A:  Chekhov. I spent two years at Bennington just reading and rereading his stories and plays. I had these long reading lists with all these gaps in my education, and instead of filling those gaps, I would just keep going back to him. I don't think I'm wrong, either. I read his stuff anytime I'm feeling petty or small; he's the best bullshit detector I know of. Also, actors. I love great actors, I think it's good for a playwright to fall in love with actors. The actors I write for make me a million times better. They're the reason I can be so hard on my work and not be precious about it. I cut, rewrite mercilessly because I know if my work is not as good as they are, it's not as fun for them or for me. And there's nothing more fun or joyful than being in a rehearsal room where the writer, director and actors are working at their best.

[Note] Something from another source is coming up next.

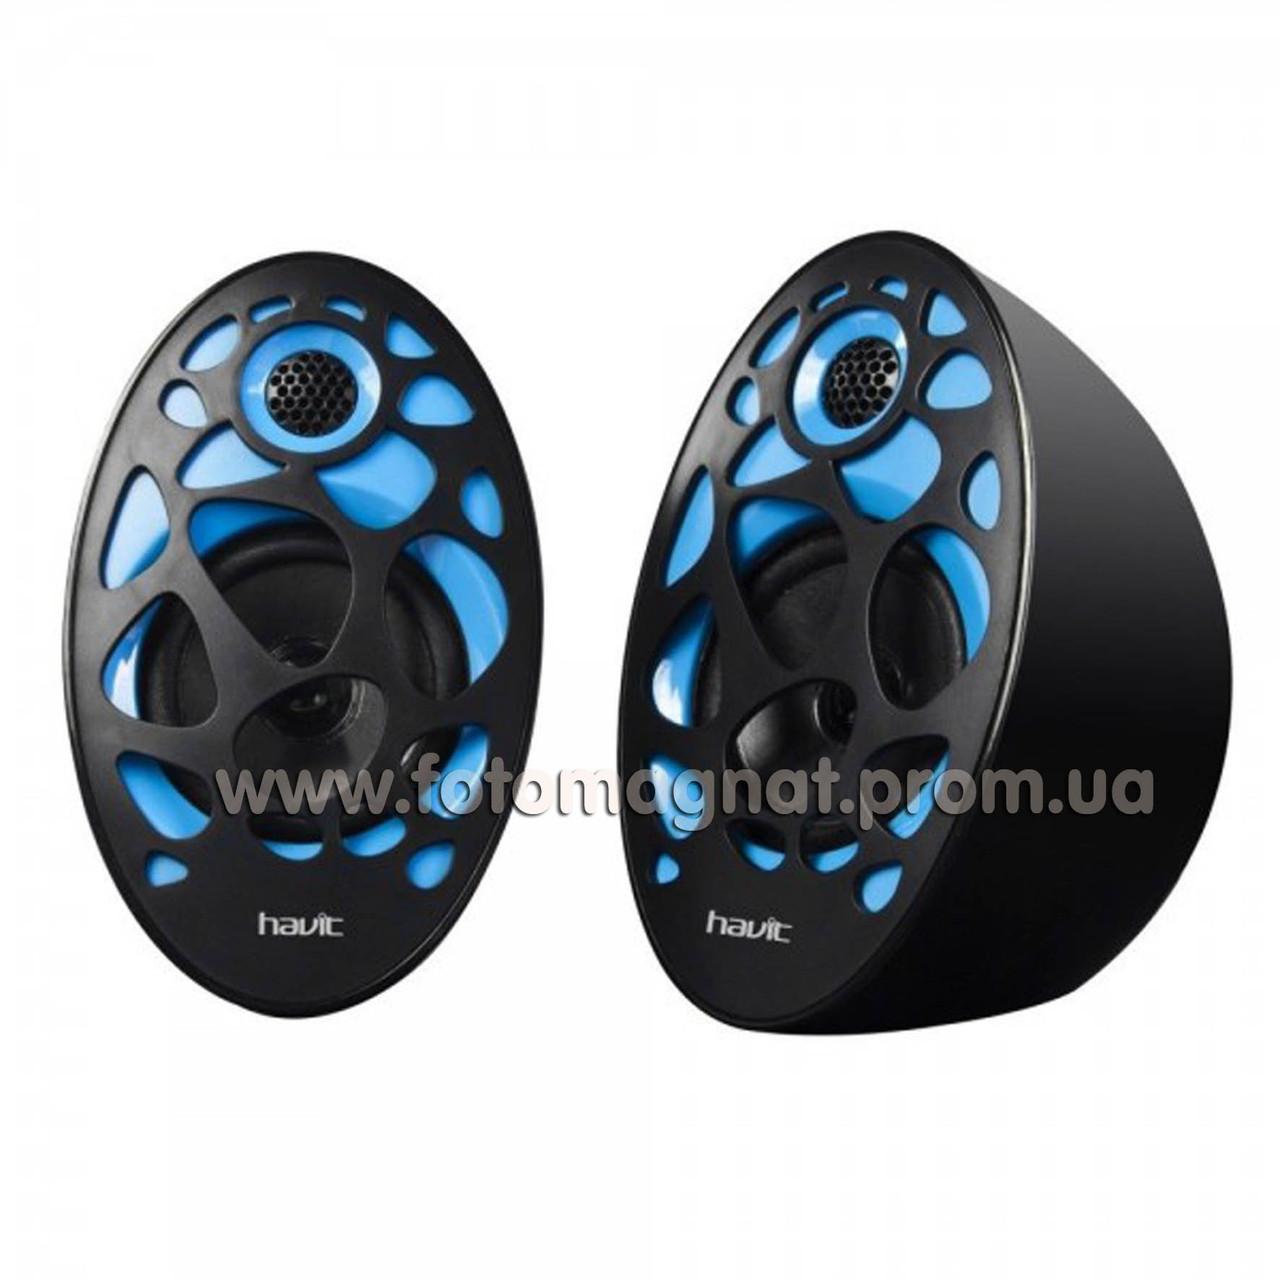 Колонки мини компьютерные   HAVIT HV-SK 455 blue

But my real heroes are writers, always have been, only most of them are not playwrights. There's Deborah Eisenberg, Grace Paley (her short stories are an amazing study in dialogue), Tillie Olsen, Louis C.K., Joan Didion, John Cage, Salinger, George Saunders (as a writer and human being), Nabokov, Beckett, Pirandello, Calvino, Woody Allen, Emily Dickinson, Elizabeth Bishop. That's a lot, and there's more, but finding those writers that tug on something inside of you are the best mentors you can have. I remember when I was little my brother told me that the best mentors are dead, so I better start reading. I always think of that. The best thing you can do is get permission to write from your heroes, permission to get out of your own way, and then give that permission to others as well as you can with your own work.

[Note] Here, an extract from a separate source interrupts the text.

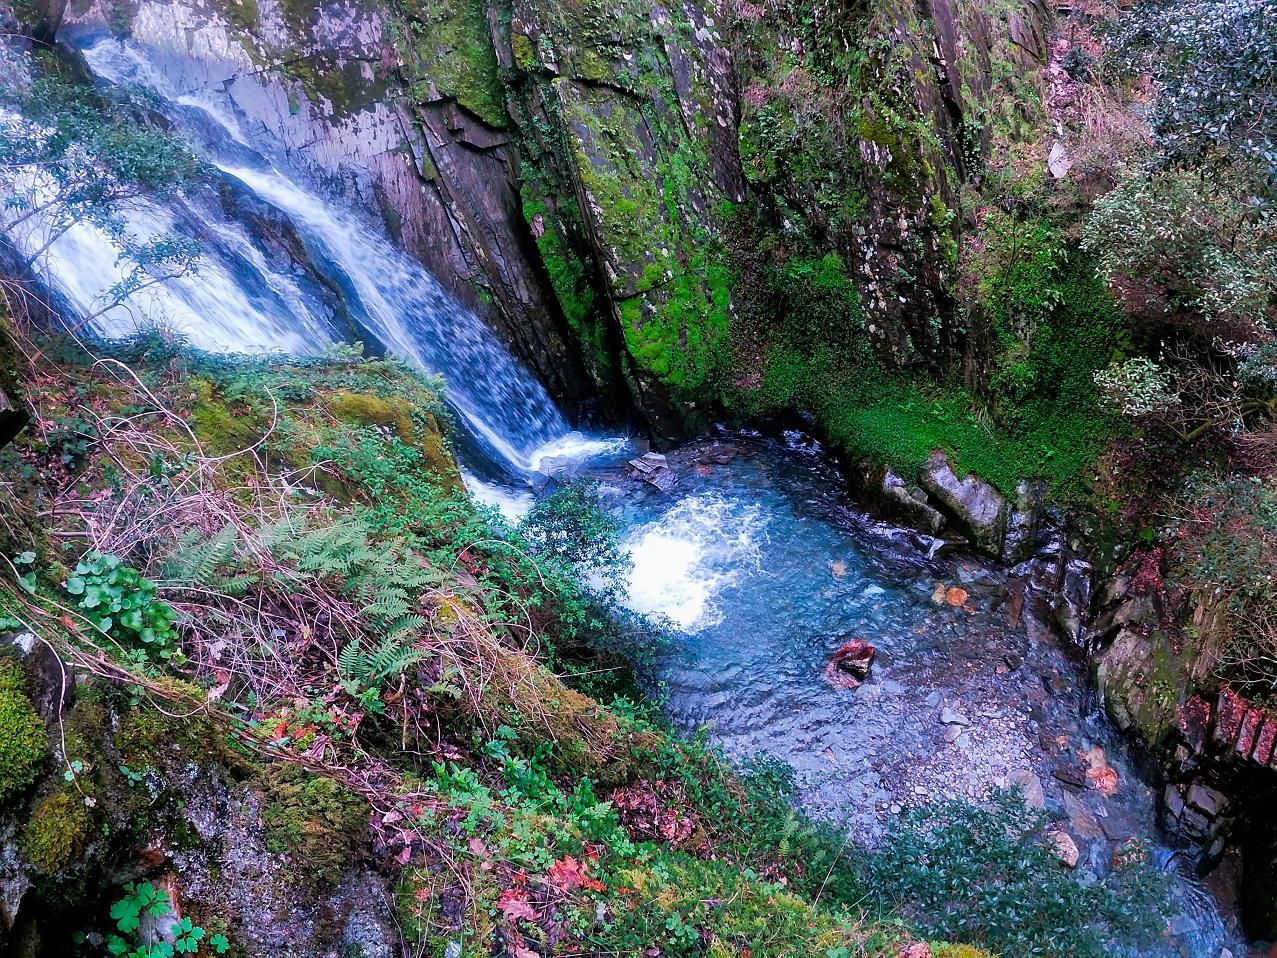 Fraga da Pena Waterfall

Q:  What advice do you have for playwrights just starting out?

A:  I wish I had better advice than just keep writing, keep doing it, keep getting better and truer and closer to your own voice. Good work does get noticed, I've seen it happen to others and experienced it myself, and it takes a long time to make good work, so be okay with that, push hard but be patient. Try to get produced, and if necessary produce your stuff yourself. You'll be exhausted and broke but you'll learn more sitting in the back of an actual audience watching your words than you will any other way. Try your best to put blinders on and find the joy in making stuff and find people you love to create with and be loyal to them while widening your circle at the same time. Be kind, while learning to protect your work (this can sometimes be a difficult balance, but it's worth the effort to try to get it right). After a production or project is done, give yourself the space and time to be alone with yourself and your work, even if the work means daydreaming.

Trust your imagination and protect it from your impatience. Also, this seems obvious but READ! Read everything--fiction, poetry, non-fiction, plays--that you're even remotely curious about, you have no idea how it might influence your work or hit you in a certain way that may end up influencing your work in that magical, unexpected way that can make a piece of work sing. I have to remind myself of this stuff everyday, I think it's part of the deal no matter where you are on the road. Avoid people who just say, "Wow that's really hard," or whatever. I've seen people become totally discouraged because of the people they choose to surround themselves with. Try to be selective and generous at once. Life is hard, might as well find something worthwhile that's bigger than you and devote yourself to it. In short: No matter what, keep going.